*** Data for this exercise ***

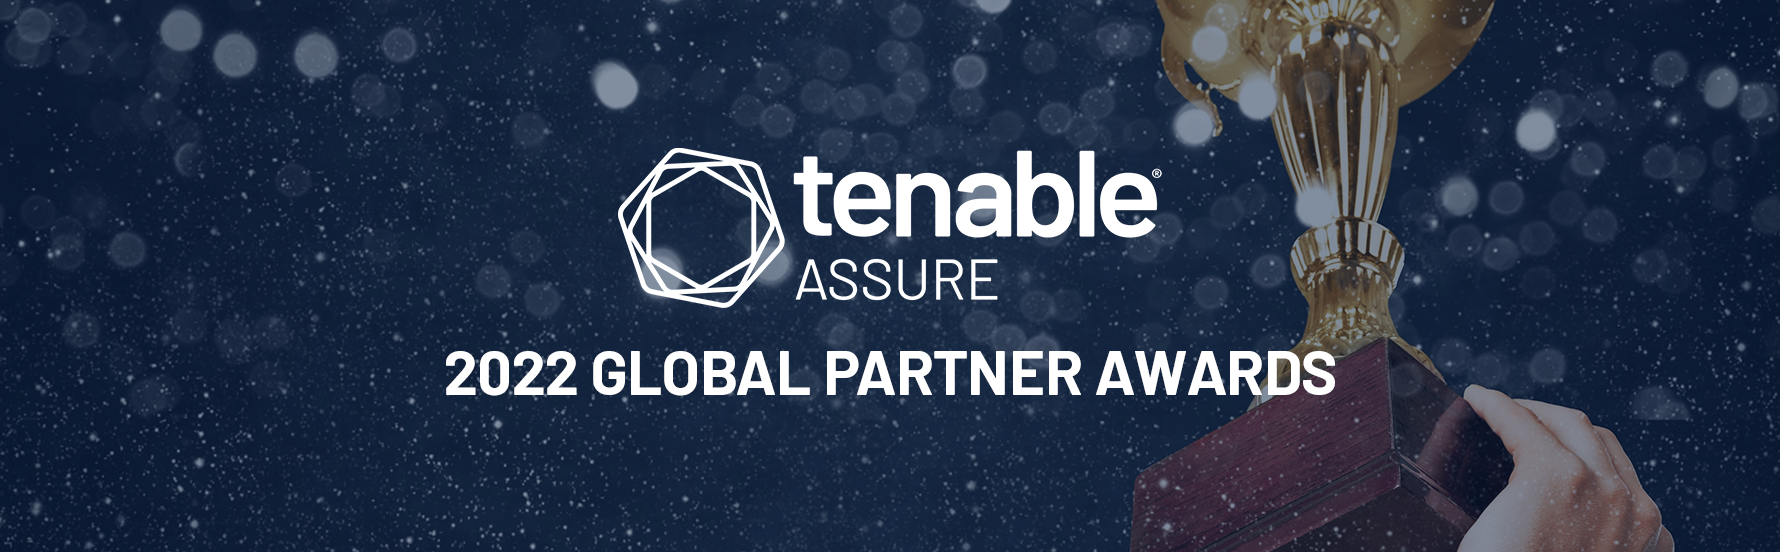 Tenable 2022 Partner Awards Blog Header
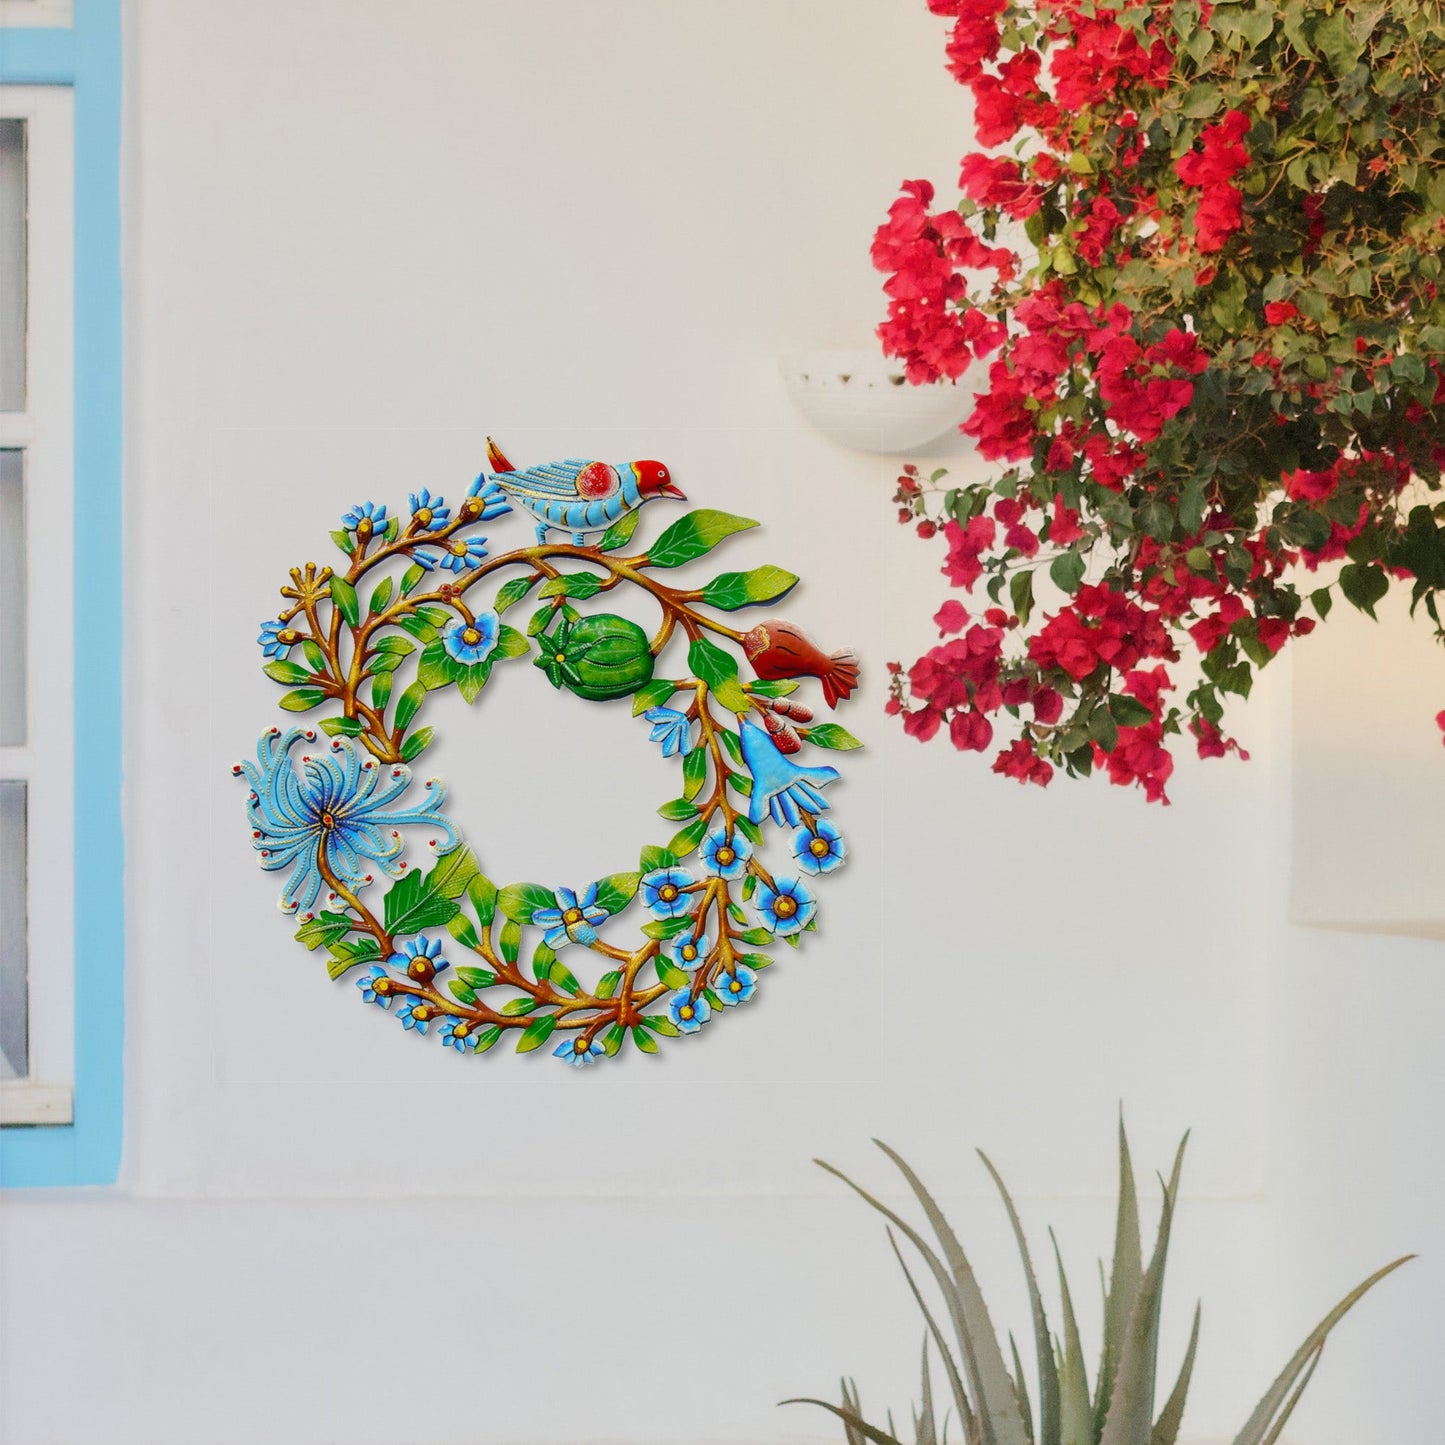 blue-bird-door-wreath-haitian-metal-drum-wall-art
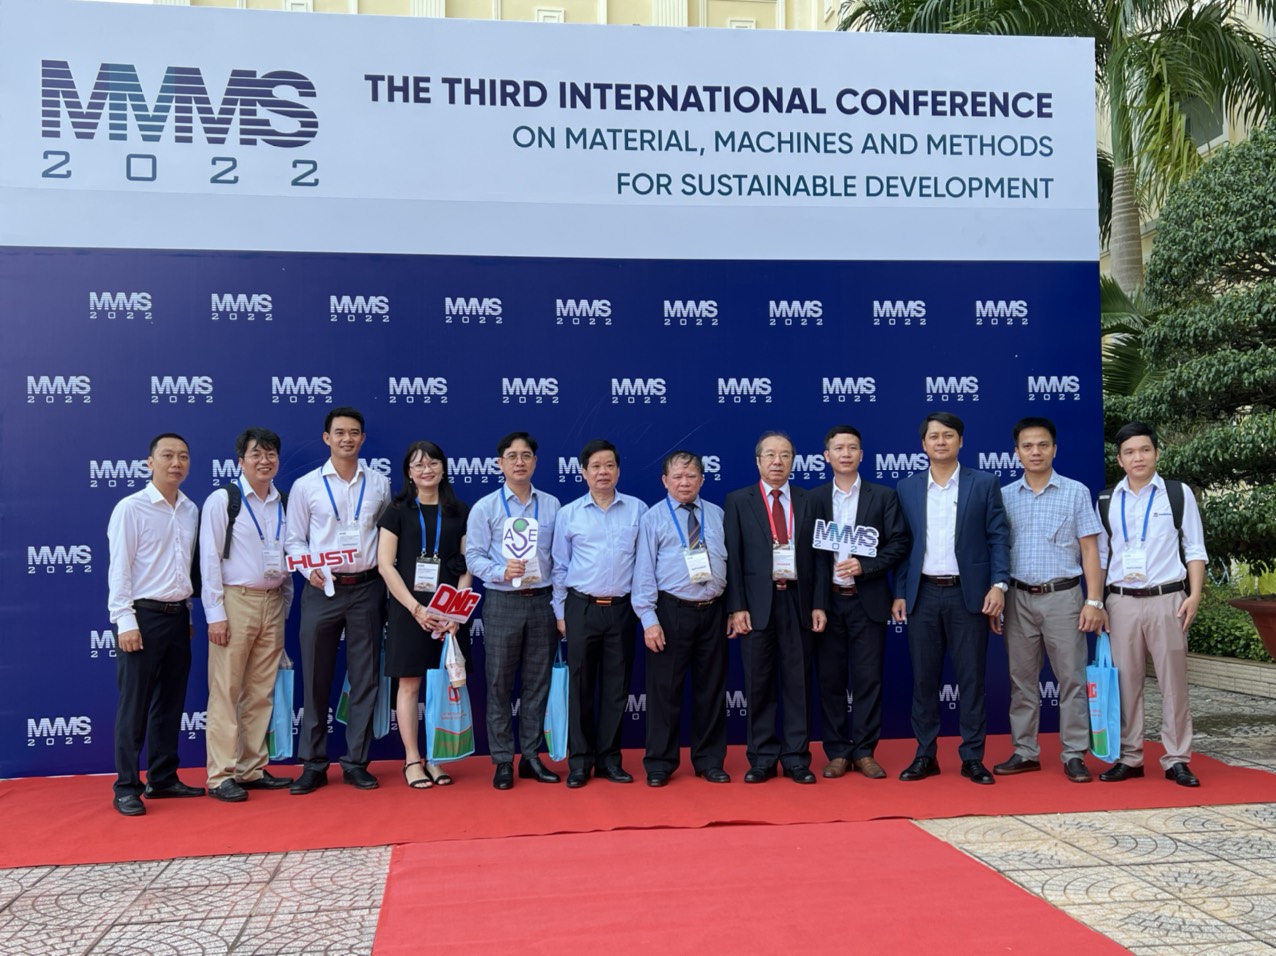 Hội nghị quốc tế về vật liệu, máy móc và phương pháp phát triển bền vững năm 2022. Third Inter national Conference on Material, Machines, and Methods for Sustainable Development – MMMS 2022)
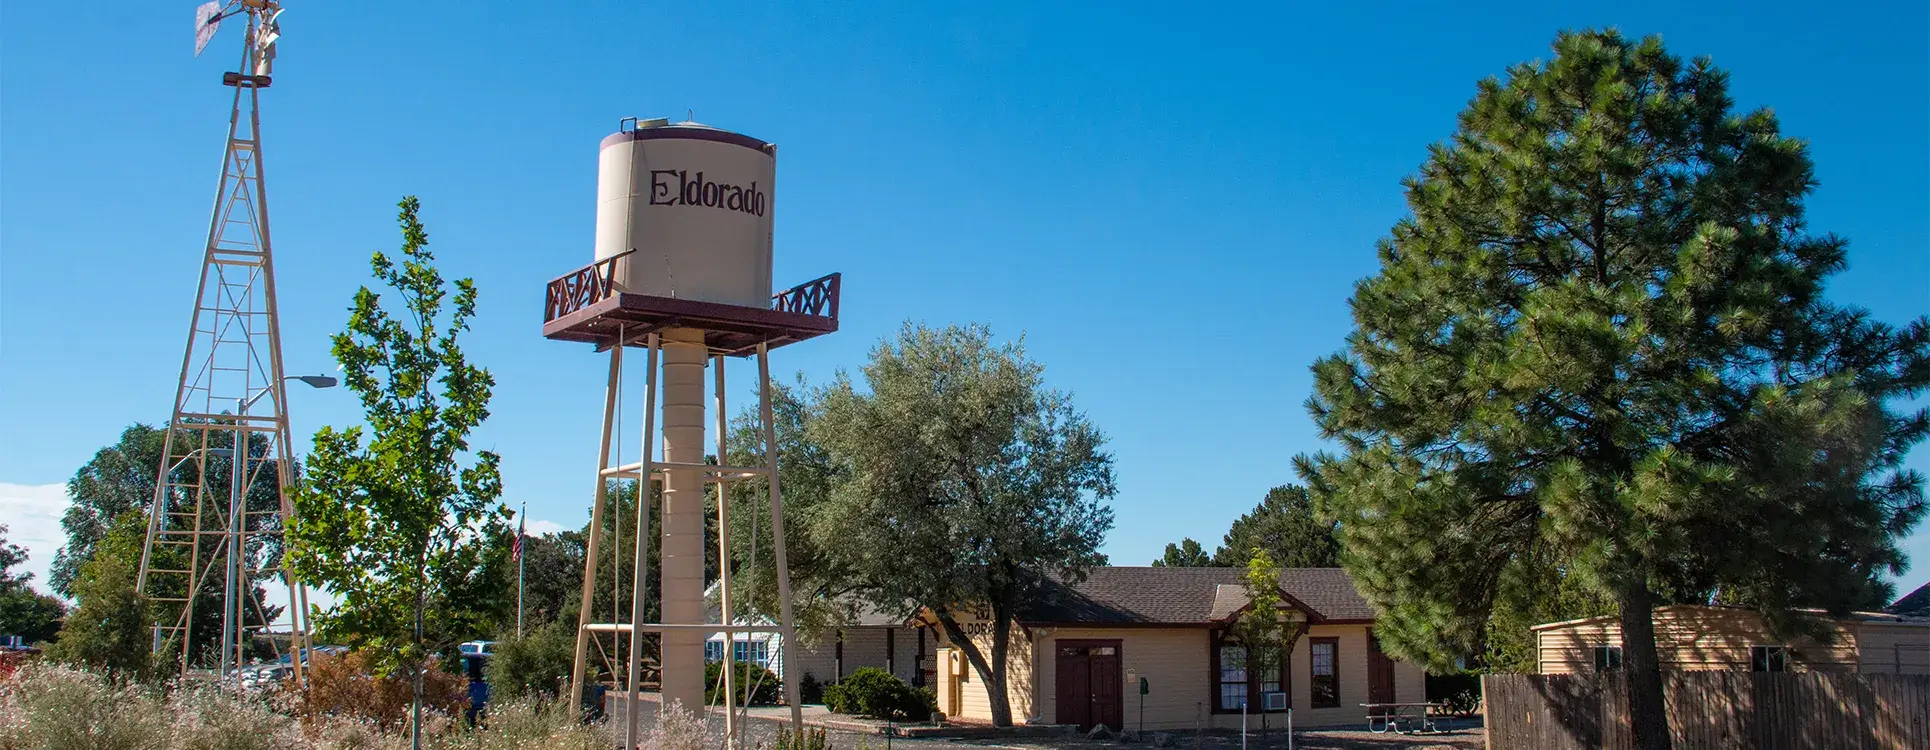 View of Eldorado, Santa Fe water tower and properties
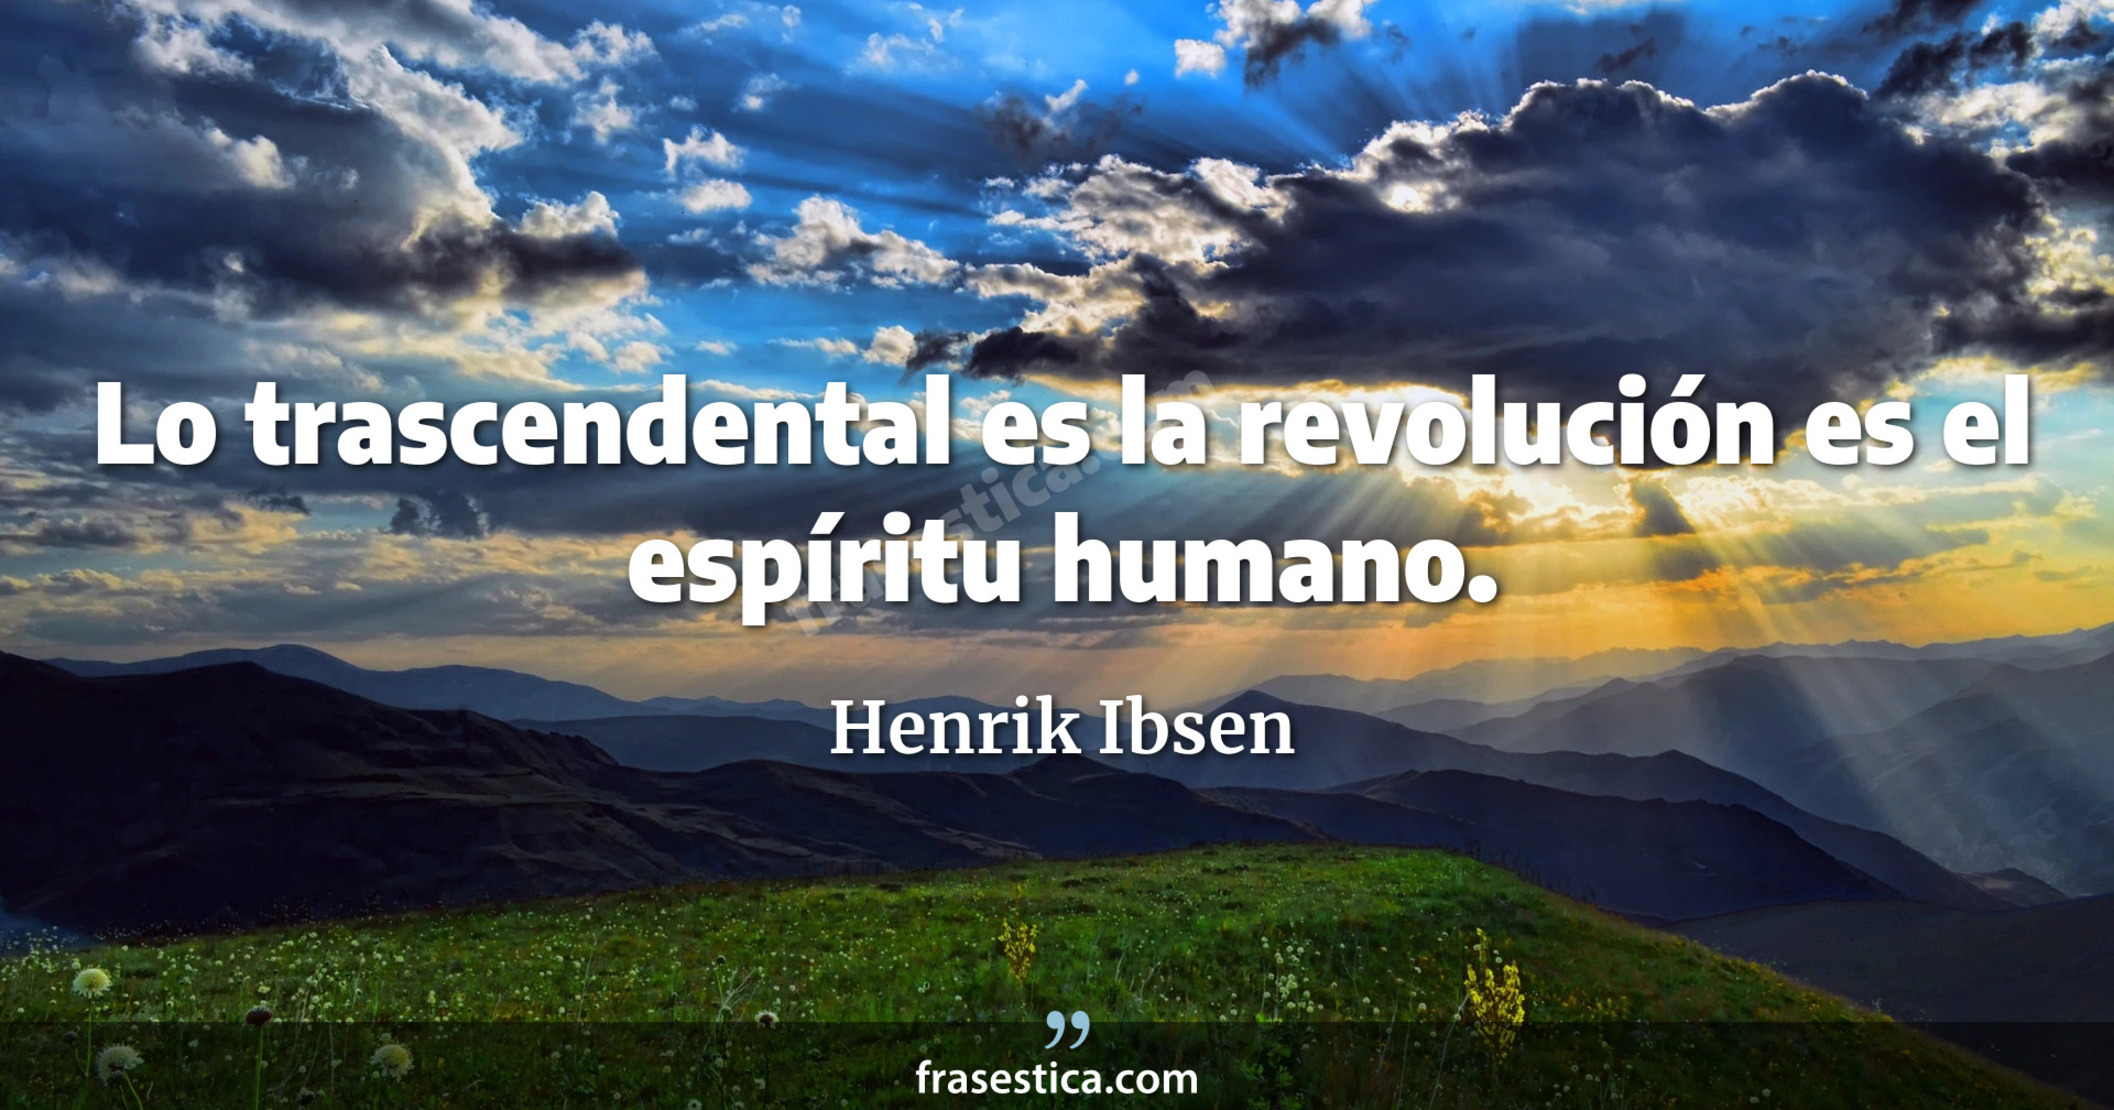 Lo trascendental es la revolución es el espíritu humano. - Henrik Ibsen

*** End of Data for this exercise ***

*Your objective*. Please output the lines of the records above from the one with "Hội nghị quốc" through the last, exactly as they appear and with both ends included; skip any pictures and add nothing.

*Reply*.
 Hội nghị quốc tế về vật liệu, máy móc và phương pháp phát triển bền vững năm 2022. Third Inter national Conference on Material, Machines, and Methods for Sustainable Development – MMMS 2022)
 View of Eldorado, Santa Fe water tower and properties
 Lo trascendental es la revolución es el espíritu humano. - Henrik Ibsen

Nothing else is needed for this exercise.